Work to be completed: Wherever pictures appear in the listing below, leave them out, and copy exactly, and only, everything from the line with "60b18d86577 Shop Jimmy" down to the line with "Jobwise logo".

Material provided:

====================

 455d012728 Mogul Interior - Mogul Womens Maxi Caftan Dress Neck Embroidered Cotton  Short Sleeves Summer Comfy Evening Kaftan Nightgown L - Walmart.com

====================

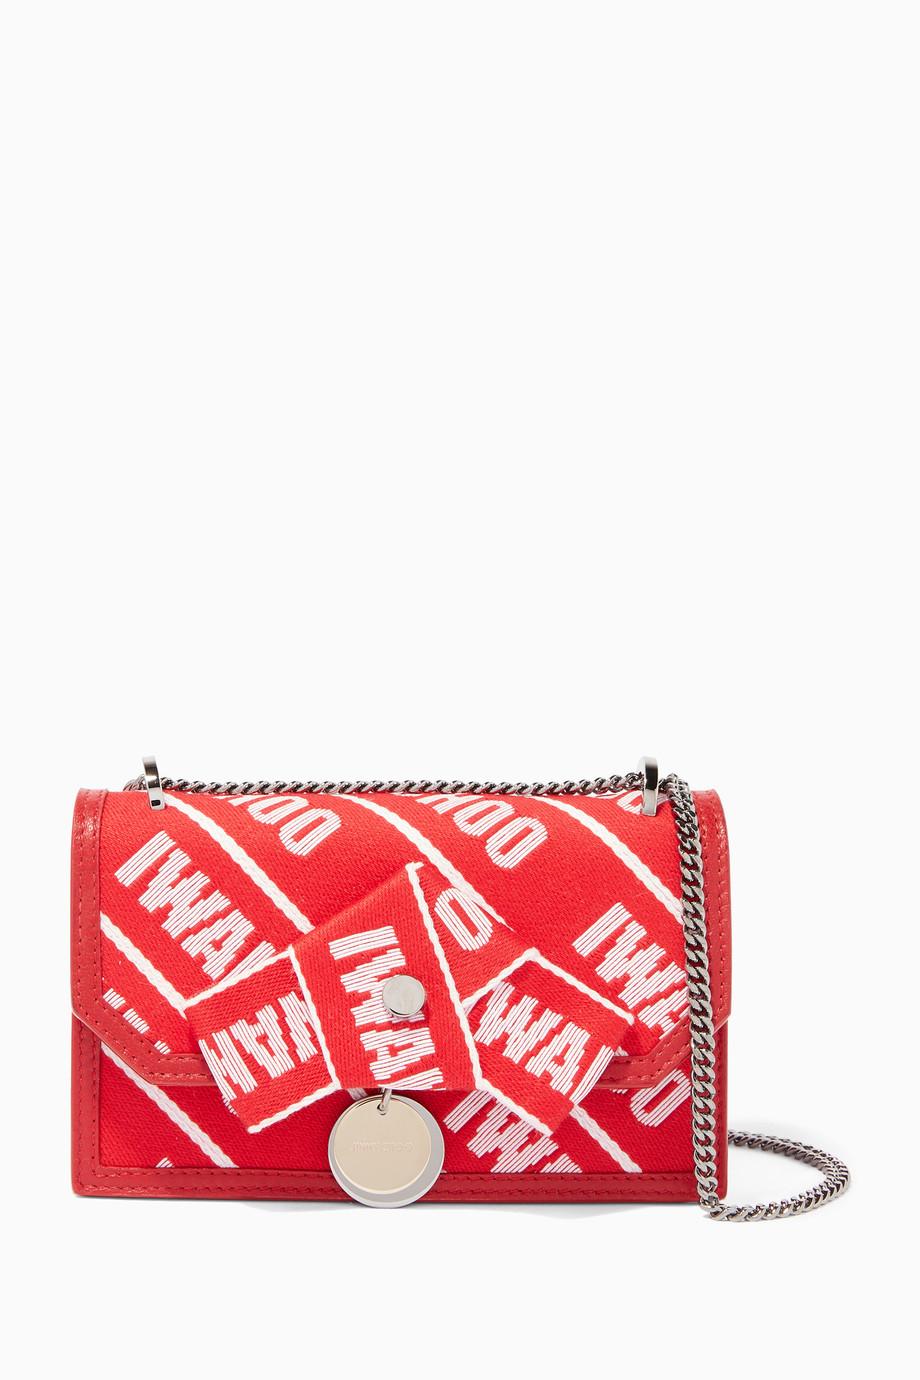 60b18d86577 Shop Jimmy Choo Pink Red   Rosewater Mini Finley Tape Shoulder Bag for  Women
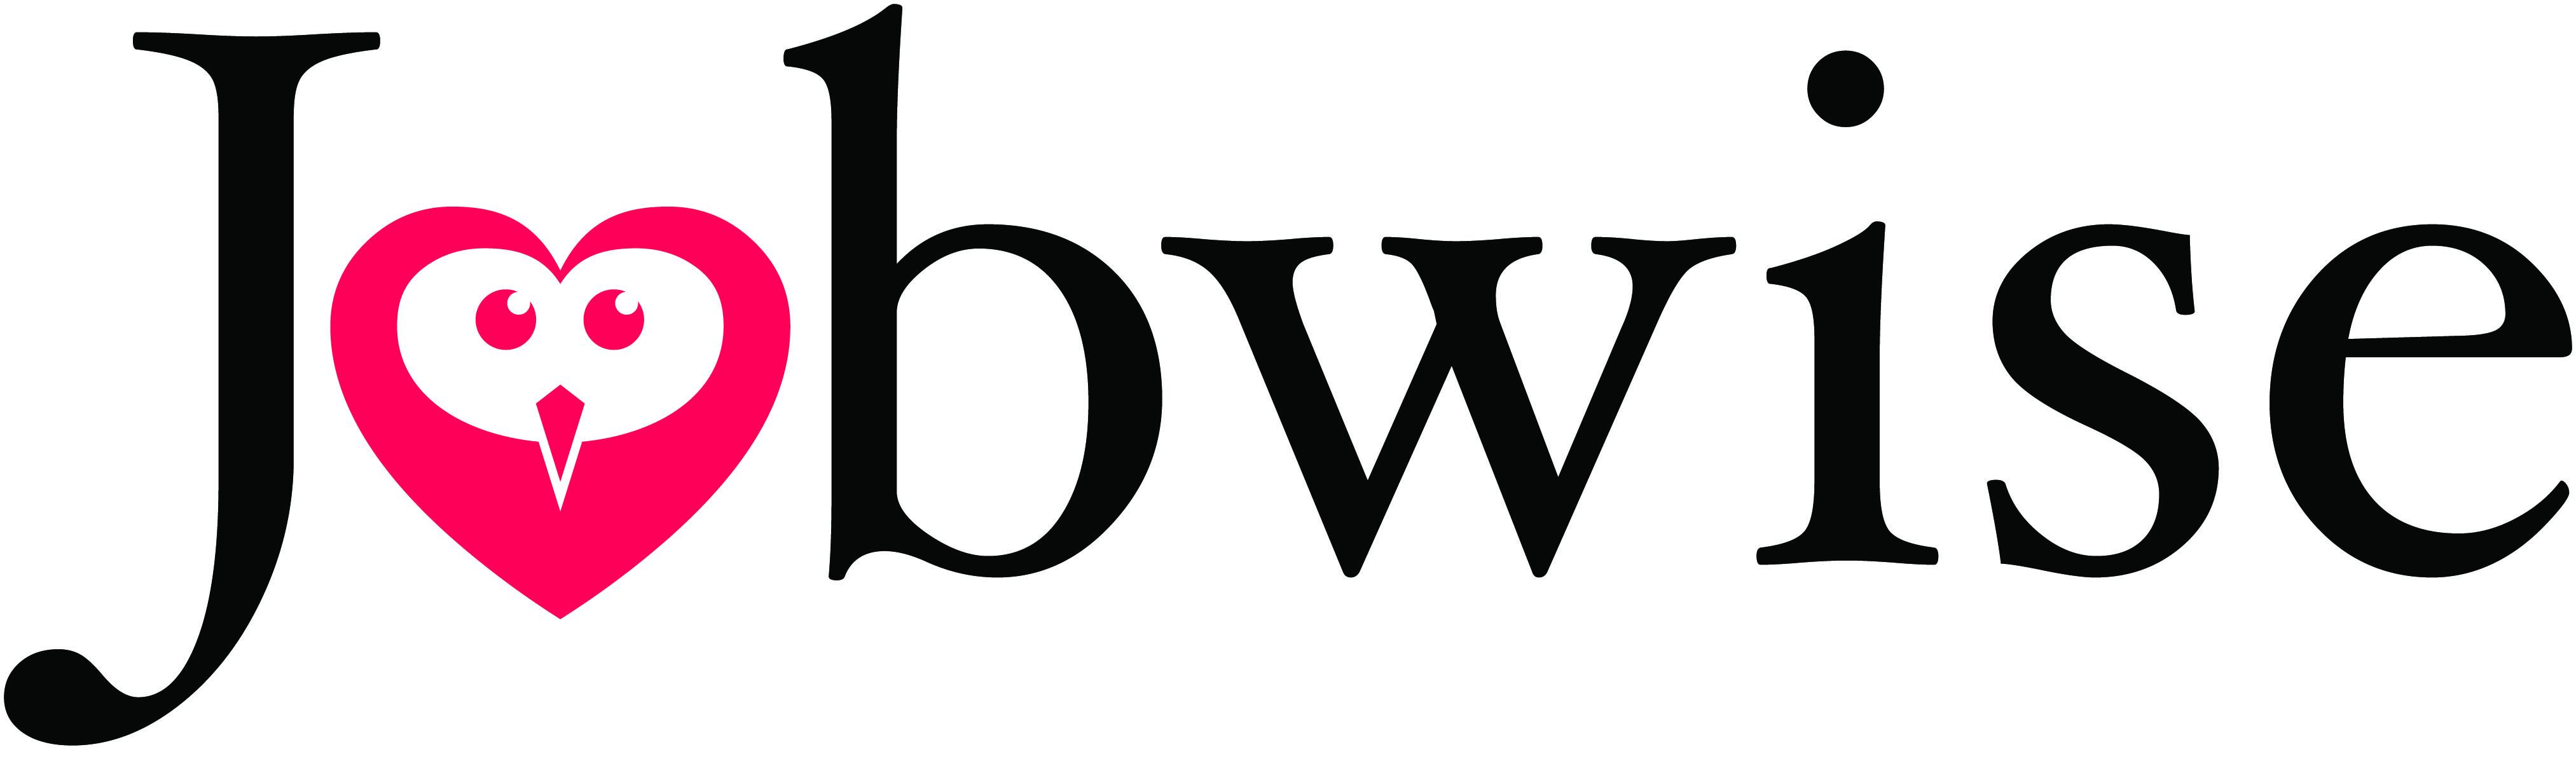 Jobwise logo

====================

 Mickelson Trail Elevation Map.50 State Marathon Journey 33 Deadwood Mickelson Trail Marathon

====================

Answer section:
 60b18d86577 Shop Jimmy Choo Pink Red   Rosewater Mini Finley Tape Shoulder Bag for  Women
 Jobwise logo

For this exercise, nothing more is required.